Schadenfreude
2021
Made of mirrors, the work, prepared especially for the Cut It Out exhibition, is entitled Schadenfreude, which means pleasure derived from another's misfortune or failure. The installation alludes to the private history of the artist, who has studio in Wrocław, in a post-German tenement house built before the First World War, in 1896. In this building, the traces of the original inhabitants have never been completely erased by subsequent Polish tenants. The inscription Schadenfreude becomes legible in the mirror image. It was drawn with a finger on a glass panel covered in dust. Dust in the flat, a tangible effect of everyday existence, appears when cleaning is abandoned. Over time, it covers domestic appliances with an ever thicker layer. In this case, it is a metaphor for the passing into oblivion of the complicated history of the city of Breslau, which became today's Wrocław.

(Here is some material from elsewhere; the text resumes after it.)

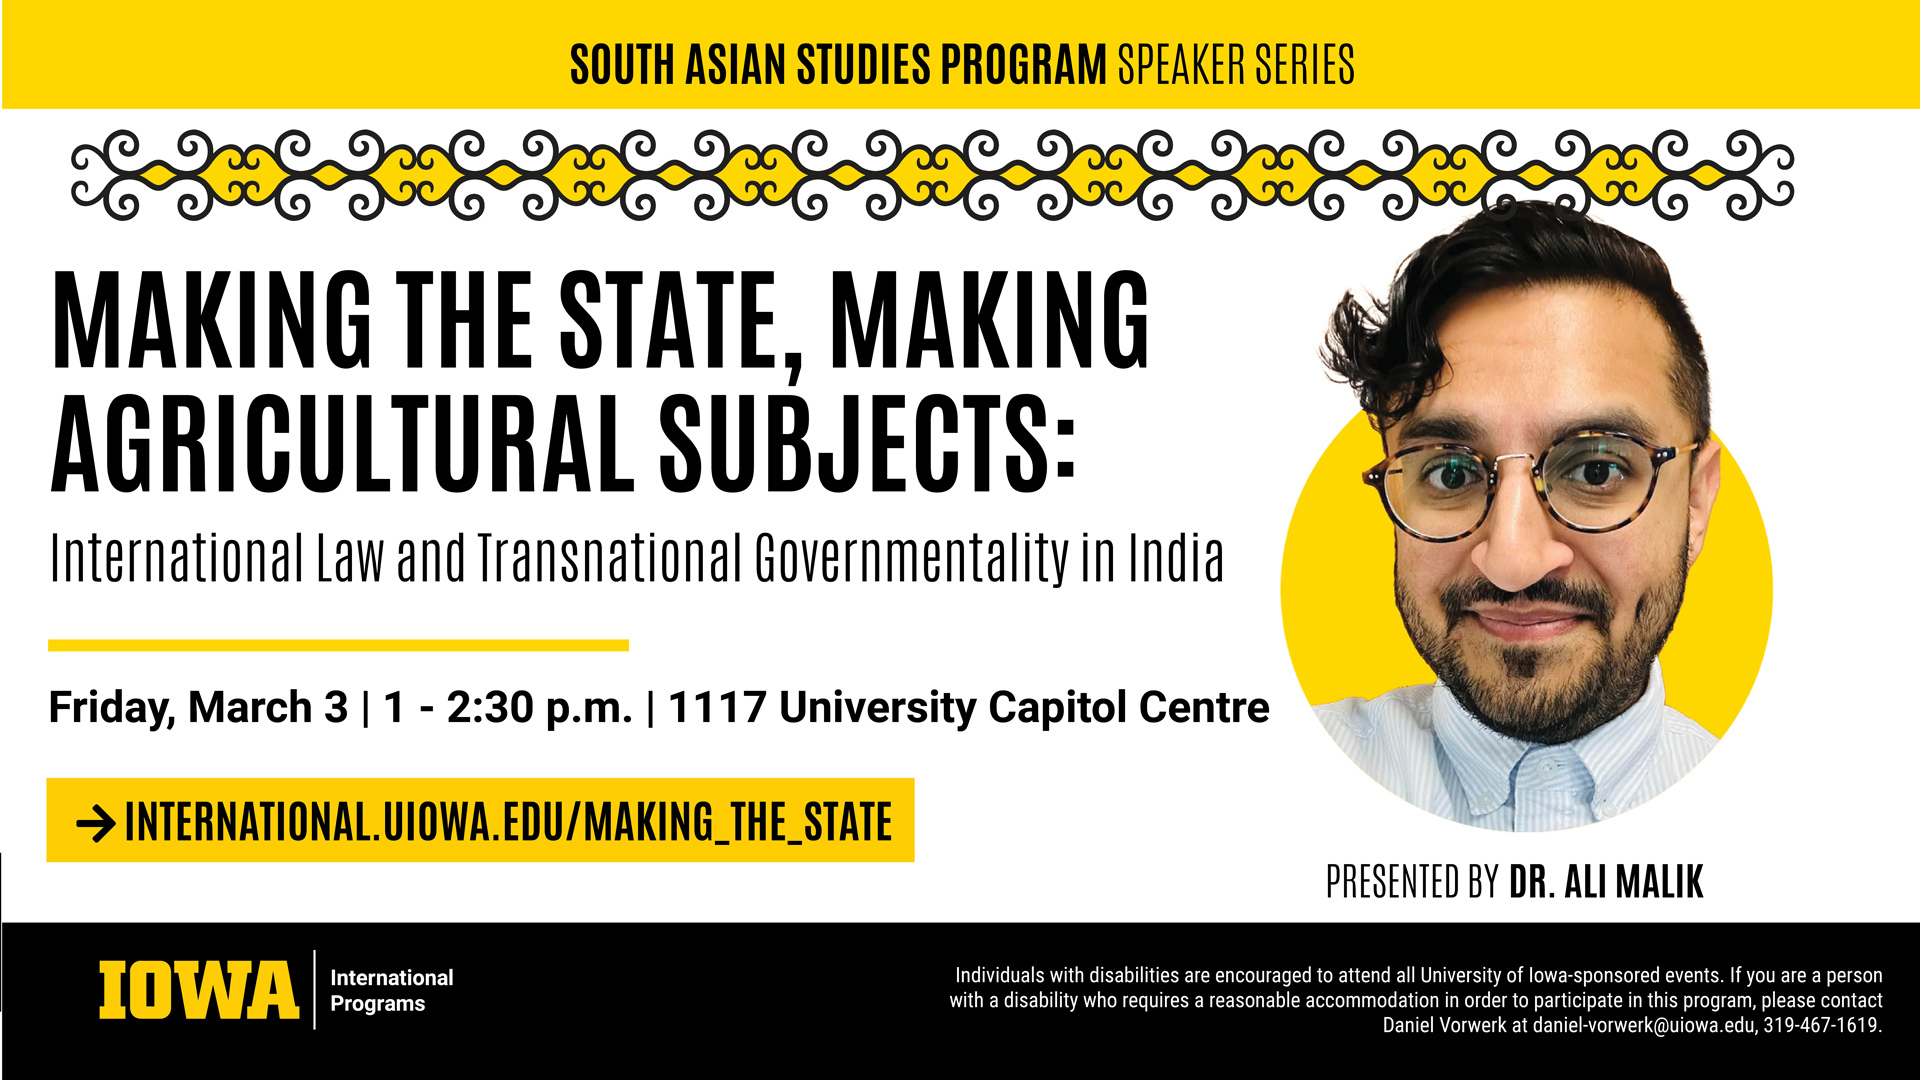 The South Asian Studies Program and the UI Department of Geographical and Sustainability Sciences invite you to "Making the State, Making Agricultural Subjects: International Law and Transnational Governmentality in India," a talk by Dr. Ali Malik, on Friday, March 3, from 1 - 2:30 p.m., in 1117 University Capitol Centre.

The work Cut/Paste, on the other hand, was inspired by Joanna Bator's description of the practice of taking over a photo album, which is a record of someone else's life, and building on it one's own, invented family story. In this context, the artist finds the manipulation of private history interesting. Anna Bujak uses/acquires the <<post-German>> photographs for her own purposes. The brutal gesture of cutting out faces from old photographs encourages the viewer to <<paste>> their ancestors' faces into them and to create anew the structure of a family tree, fixed on someone else's life.